Answer 11 · 2024-05-10T18:02:47.000Z

Released a new version. Thanks again for the reports!

Answer 12 · 2024-05-11T14:18:50.000Z

We have a huge table and neither find_each or sidekiq-iteration implementation was iterating good enough (investigation still going with the Postgres' provider) but for reference, we ended doing this:

    def build_enumerator(cursor:)
      cursor ||= MyModel.connection.select_value(Arel::Table.new(MyModel.sequence_name).project("last_value"))

      Enumerator.new do |yielder|
        cursor.step(1, -BATCH_SIZE) do |max|
          min = [max - BATCH_SIZE + 1, 1].max

          yielder.yield MyModel.where(id: min..max), min
        end
      end
    end

We are iterating backwards but you could do forwards if needed and we are using id BETWEEN [min] AND [max] to achieve a better performance.

The gotcha is that each_iteration might get called with no records or less records than BATCH_SIZE but we don't care about that in our use case.

Answer 13 · 2024-05-11T14:21:54.000Z

You can probably use use_ranges: true from rails' batch iteration and it should be the fastest and less custom code.

Answer 14 · 2024-05-11T14:22:50.000Z

I will probably add that option to the gem too.

Answer 15 · 2024-05-13T13:03:39.000Z

When we use like this, the use_ranges defaults to true and the performance bottleneck still happens.

MyModel.in_batches(of: 10_000, order: :desc, start: cursor) do |relation|
  yielder.yield(relation, relation.minimum(:id))
end

Our provider is investigating why is that but using the BETWEEN worked the best so far.

Answer 16 · 2024-05-13T13:18:34.000Z

Yeah, BETWEEN is the simplest and fastest.

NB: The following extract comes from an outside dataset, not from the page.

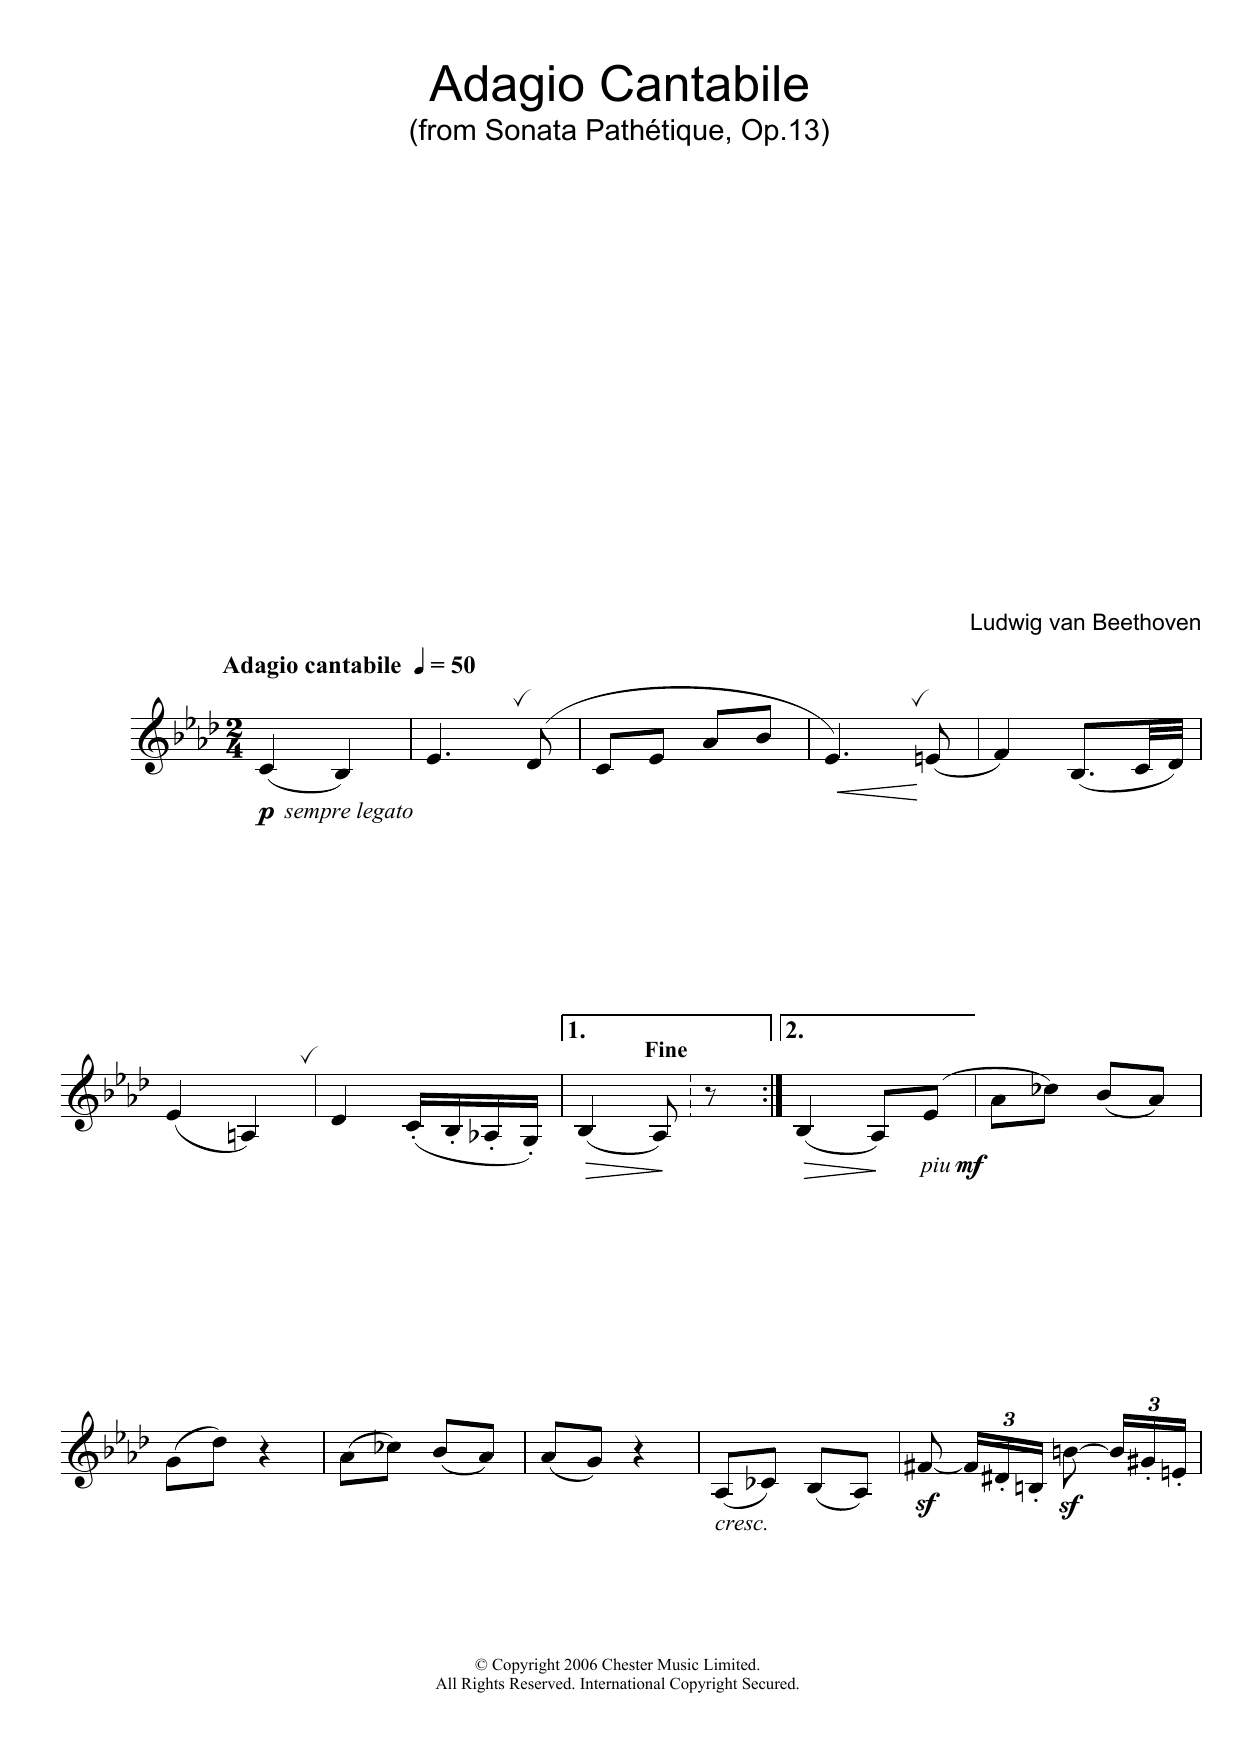 Download Ludwig van Beethoven Adagio Cantabile from Sonate Pathetique Sheet Music

The bottleneck can be because of the relation.minimum(:id) call per iteration and also rails/rails#51243 may be relevant.

Answer 17 · 2024-05-13T17:44:24.000Z

@fatkodima just to drop a note, we discussed among other places of pluck_in_batches and etc.

For Rails, maybe we could have a object like this:

MyModel.in_batches(of: 10_000, order: :desc, start: cursor) do |relation, batch_meta_object|
  batch_meta_object.ids # ids from memory
  batch_meta_object.min_id # ids from memory
  batch_meta_object.max_id # ids from memory
end

But it's out of scope for this issue here. Let's consider this done at this point.